▶ [TASK INSTRUCTIONS]
In the entries below, find the line with "Neocash Radio - Episode 118" and the line with "応用ショッキング簿記係アリミノ ピース ソフト wax (カフェオレ) 80g"; reproduce those two lines and all lines between them exactly, without pictures.

▶ [MATERIAL TO PROCESS]
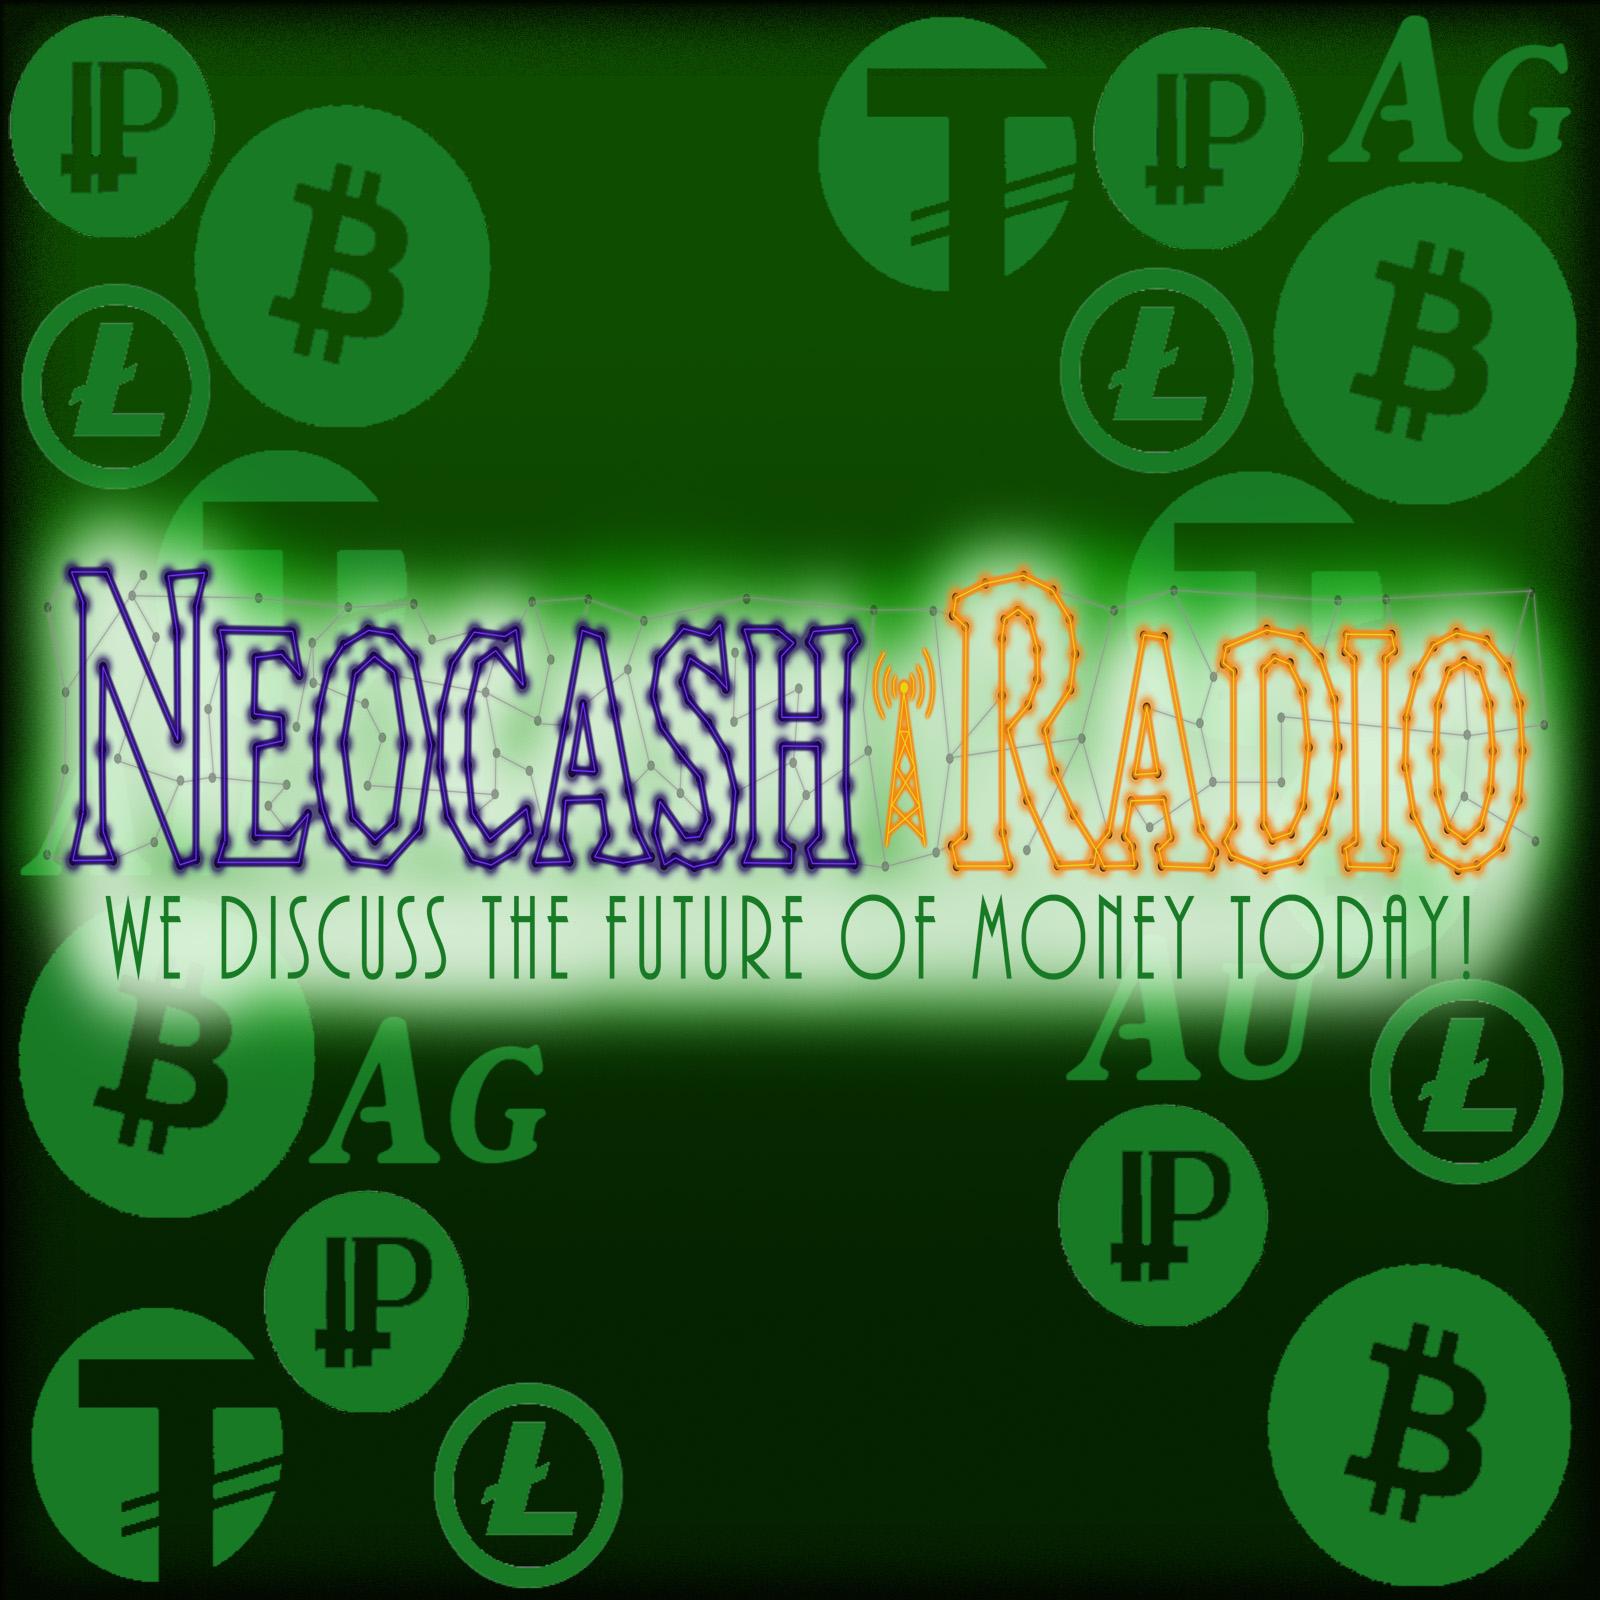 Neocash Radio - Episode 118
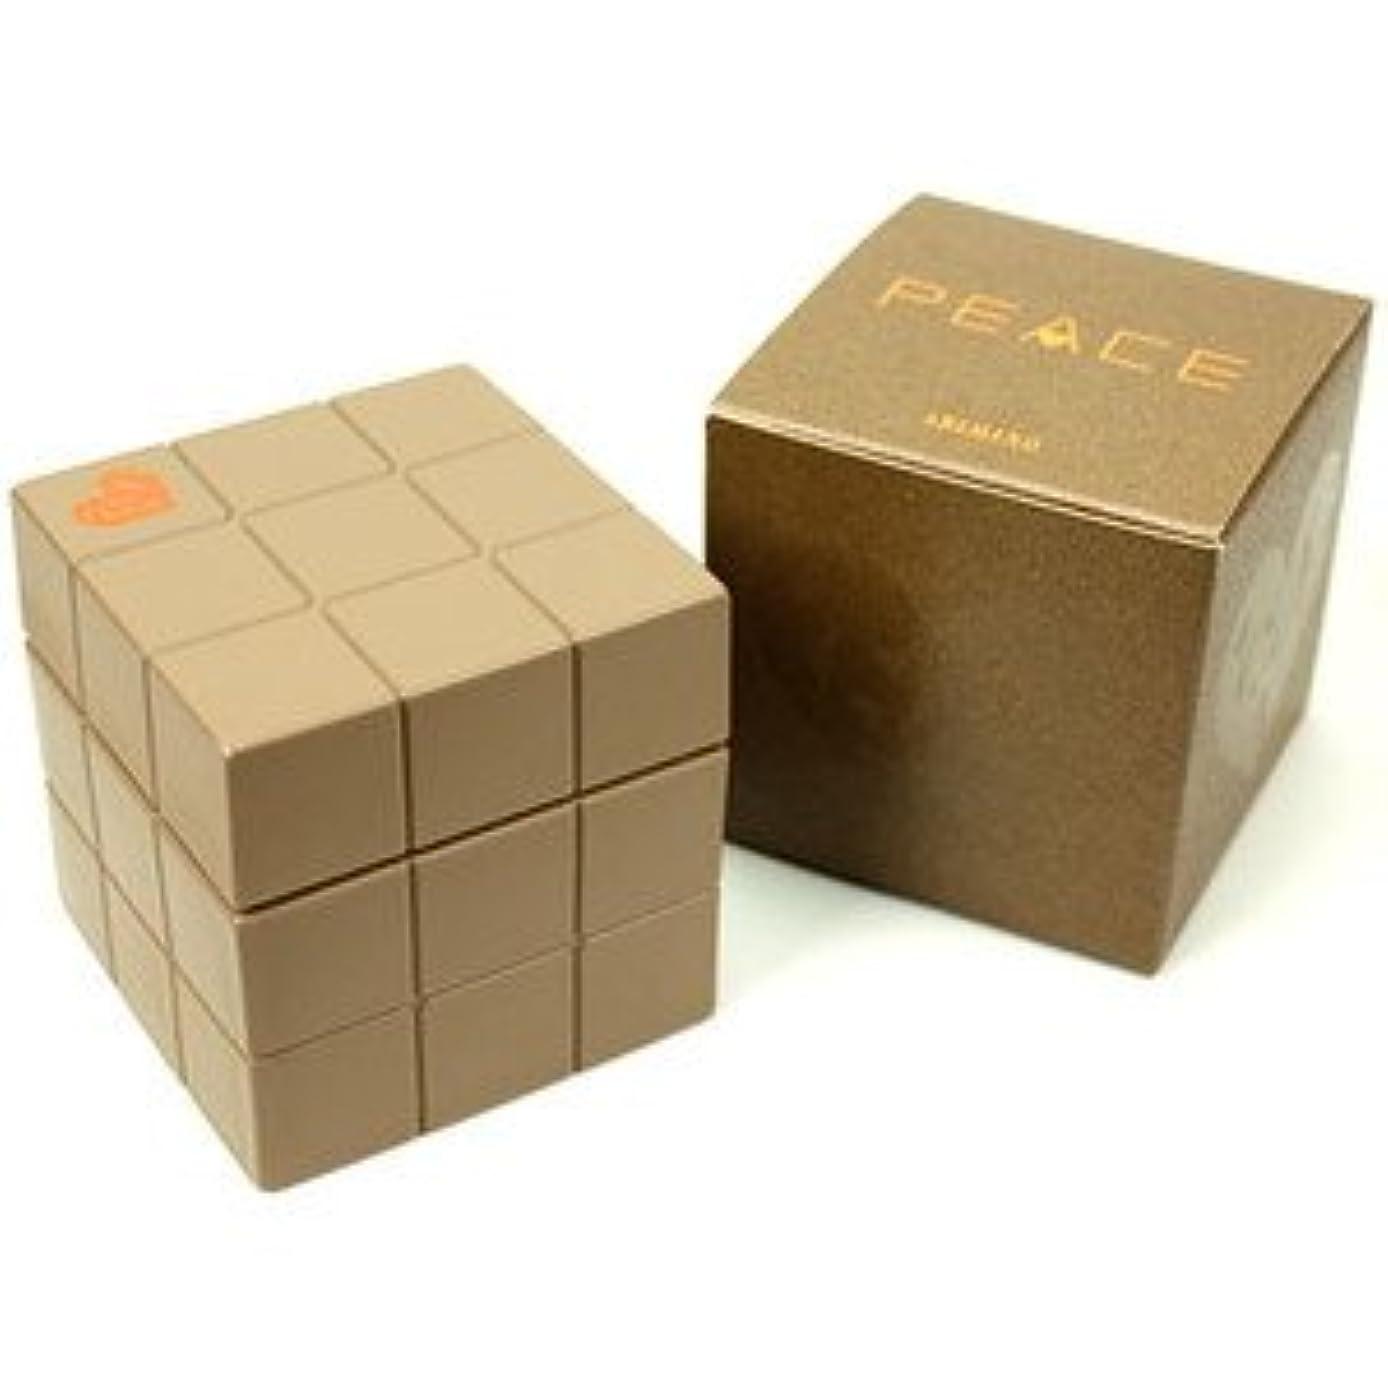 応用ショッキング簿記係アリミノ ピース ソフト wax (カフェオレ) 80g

==

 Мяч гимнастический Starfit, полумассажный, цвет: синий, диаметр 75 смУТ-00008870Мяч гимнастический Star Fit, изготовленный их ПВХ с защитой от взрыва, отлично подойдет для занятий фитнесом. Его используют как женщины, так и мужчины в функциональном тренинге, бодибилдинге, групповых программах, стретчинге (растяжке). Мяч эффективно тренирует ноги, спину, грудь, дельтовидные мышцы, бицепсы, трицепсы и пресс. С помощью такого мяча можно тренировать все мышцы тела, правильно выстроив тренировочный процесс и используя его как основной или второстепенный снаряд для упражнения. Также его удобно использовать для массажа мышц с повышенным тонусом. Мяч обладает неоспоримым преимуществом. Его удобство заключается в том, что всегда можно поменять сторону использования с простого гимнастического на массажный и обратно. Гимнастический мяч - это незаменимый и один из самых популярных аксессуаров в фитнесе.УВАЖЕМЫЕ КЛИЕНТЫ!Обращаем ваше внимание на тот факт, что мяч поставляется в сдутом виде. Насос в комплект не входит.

▶ [ANSWER TO THE PROBLEM]
 Neocash Radio - Episode 118
 応用ショッキング簿記係アリミノ ピース ソフト wax (カフェオレ) 80g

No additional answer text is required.